2. United States v. Robert Arwady
U.S. District Court for the Southern District of Texas
For a number of years, GOF has been providing financial and legal assistance to
Robert Arwady against federal criminal charges he was facing in Texas. Mr. Arwady
was charged with engaging in the business of dealing in firearms without a license and
for engaging in straw purchases. In reality, Mr. Arwady was liquidating a personal
collection of firearms left over from his prior tenure as an FFL, and the alleged “straw
purchase” was nothing of the sort. In 2014 and 2015, our firm assisted Arwady’s
lawyer, Robert Sanders, Esquire of Winston-Salem, North Carolina, with the drafting of
various pretrial motions, including various motions to dismiss, a motion to strike, and a
motion to sever. Rob Olson drafted several pre-trial motions and memoranda of law,
and made three trips to Houston, Texas to assist in Mr. Arwady’s defense. Less than a
week before trial was scheduled to begin, the government dropped the “dealing”

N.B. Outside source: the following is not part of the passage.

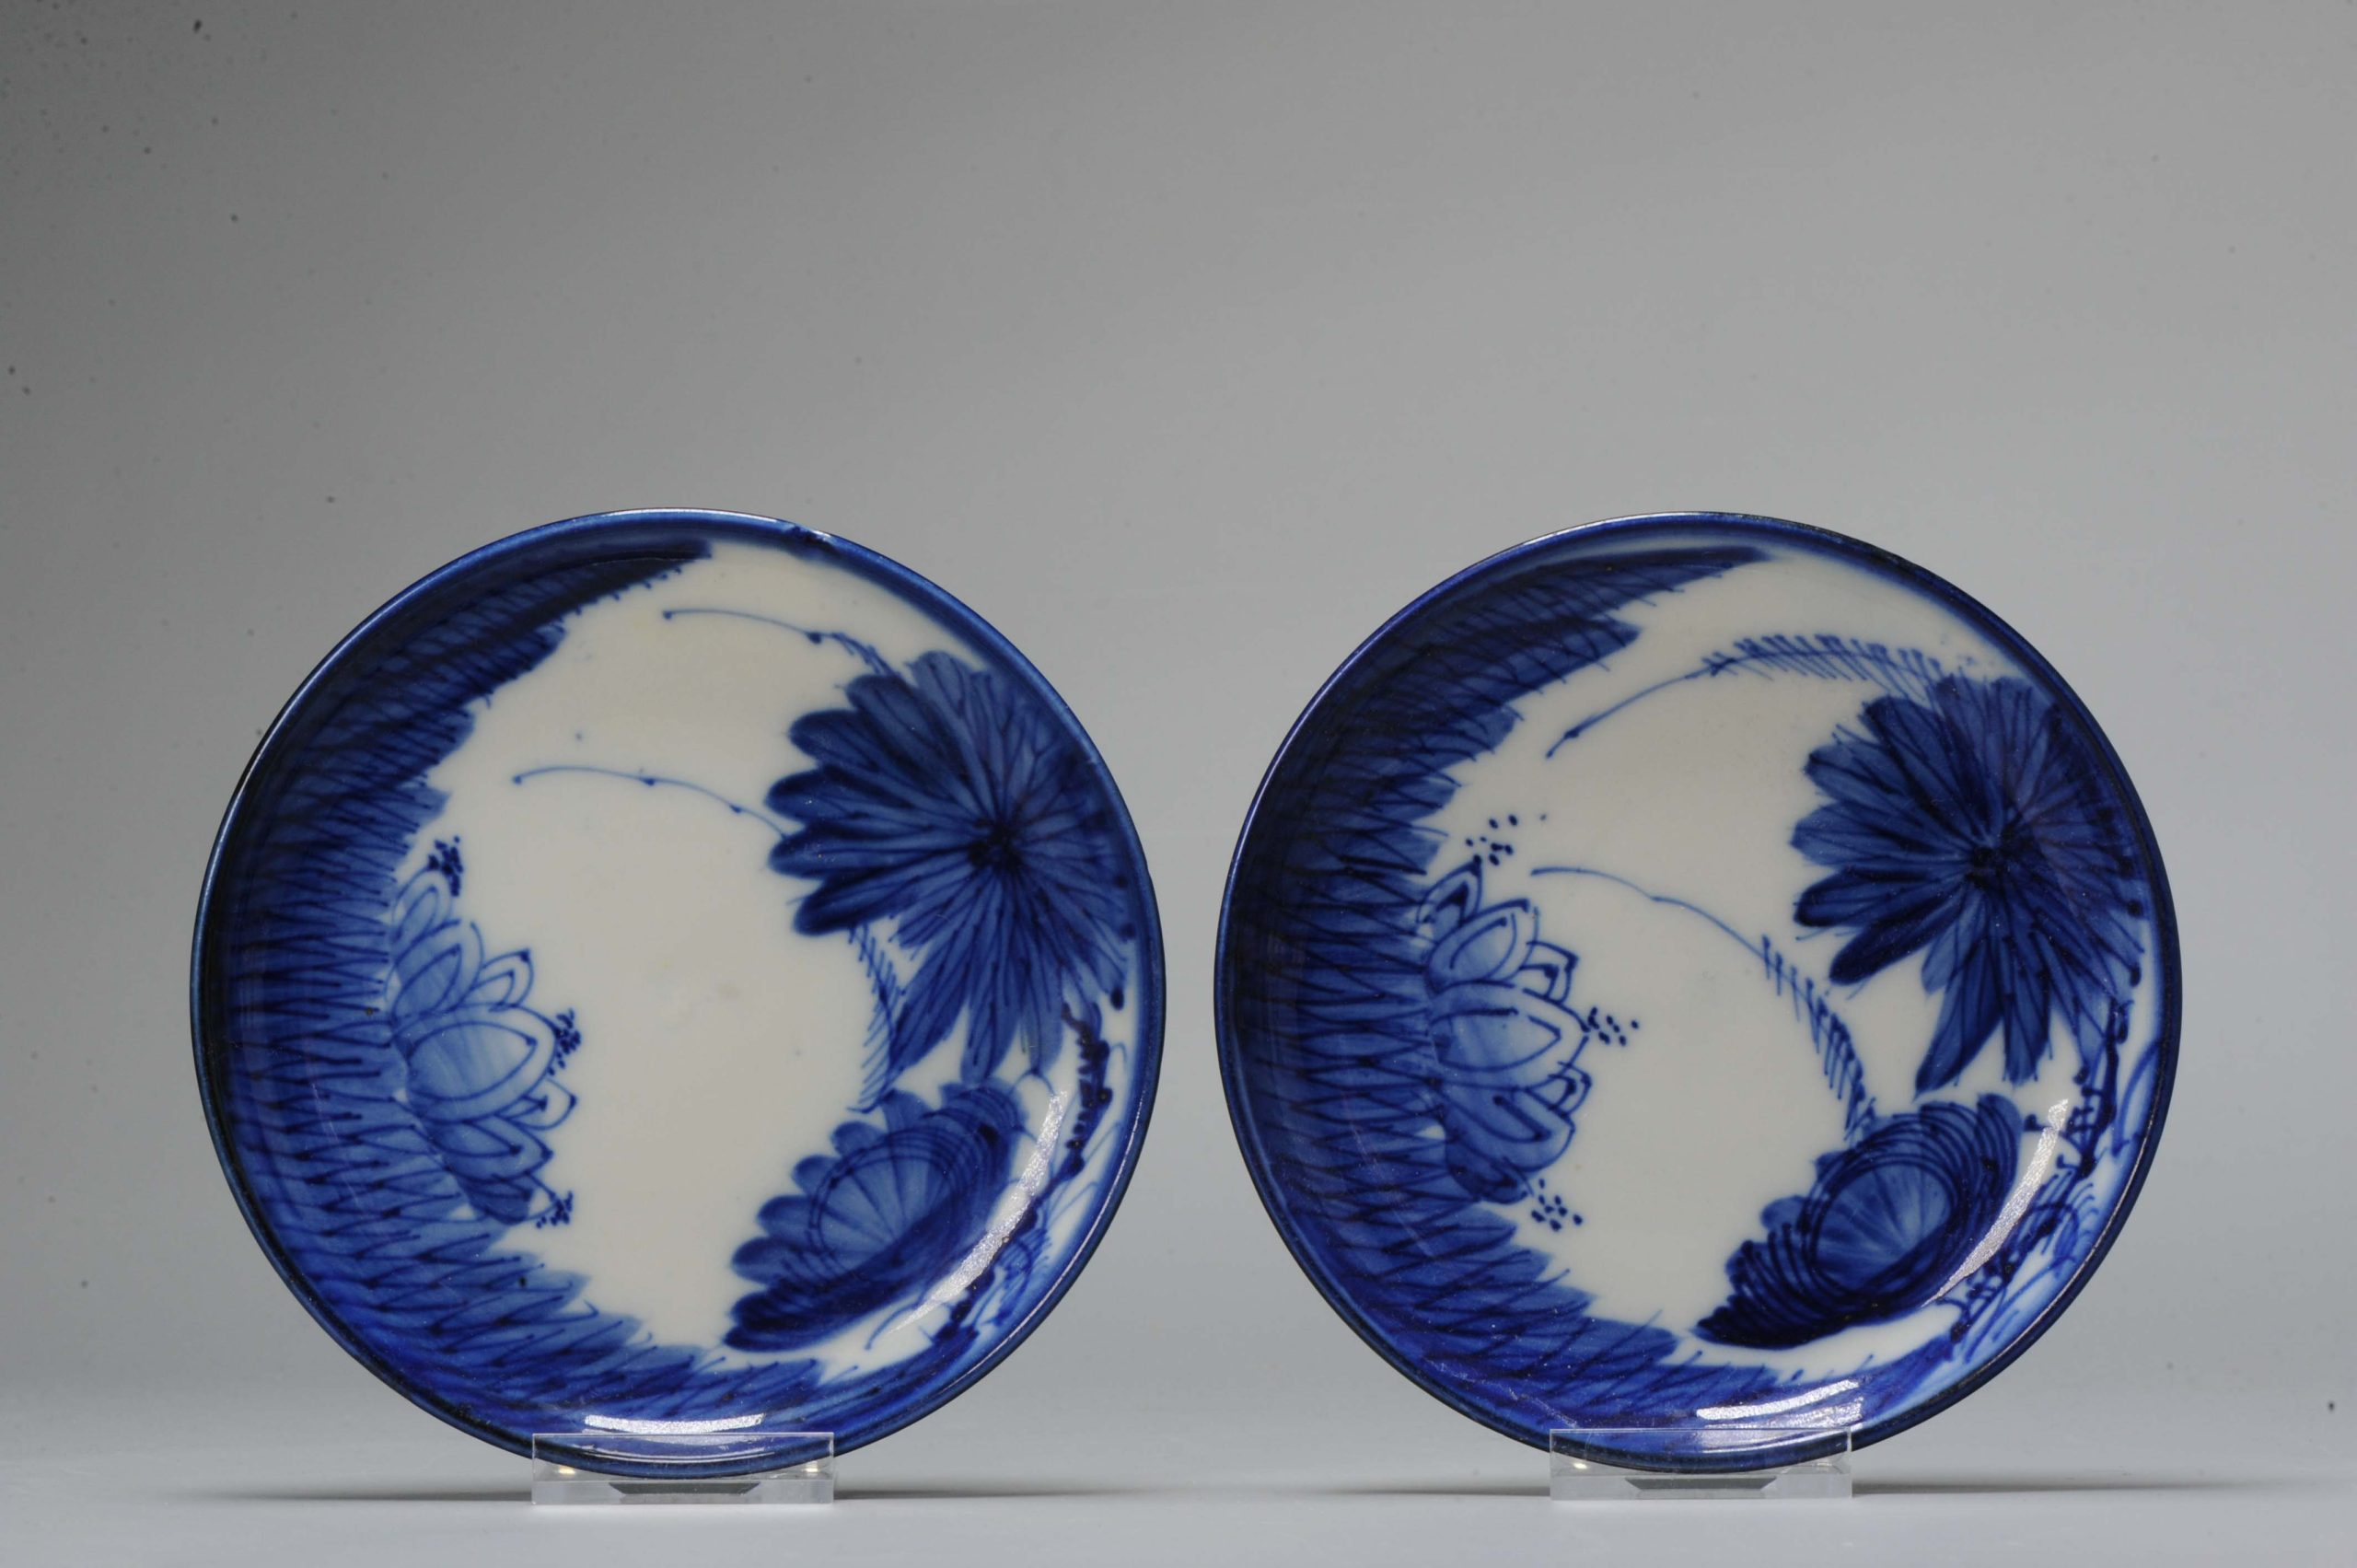 Antique Meiji period Japanese Porcelain Kaiseki set Plates with  Japan 19th/20th century

charges, perhaps finally having come to the realization of the strength of our motions to
dismiss. Moving forward on the “straw purchase” charges, the case went to trial on
October 20, 2015. After a two-day trial and a masterful defense, the jury returned a
verdict of not guilty on all counts. This is the second time the government has pursued
criminal charges against Mr. Arwady, and the second time a jury has found him not
guilty. Mr. Arwady now faces the daunting task of trying to get the federal government
to return all the firearms that it seized from him, and then forcing ATF to pay for the
guns it “lost” or damaged.
Other Firearms Projects
1. GOF comments to State Regarding ITAR Regs (August 3, 2015)
GOF filed comments with the State Department in response to State’s Proposed
Rulemaking (“PR”) regarding revisions to International Traffic in Arms (“ITAR”)
Regulations, which control the export of “defense articles and services.” In the past,
there has been little need for ordinary Americans to be concerned with the AECA or
ITAR, aside from restrictions on physically taking certain items to other countries.
However, the State Department also purports to control “technical data,” which
includes information transmitted over the internet (and which often is unknowingly
routed through foreign countries). The PR expands the definition of “technical data”
and would possibly include everything from blueprints of nuclear weapons to a cleaning
guide for certain firearms. GOF’s comments noted that no ordinary person could ever
hope to understand or comply with the highly technical ITAR, yet ITAR now may apply
to ordinary persons doing ordinary things. GOF’s comments argued that ITAR cannot
be expanded in such a way as to prohibit Americans from engaging in First Amendment
speech about Second Amendment protected activities.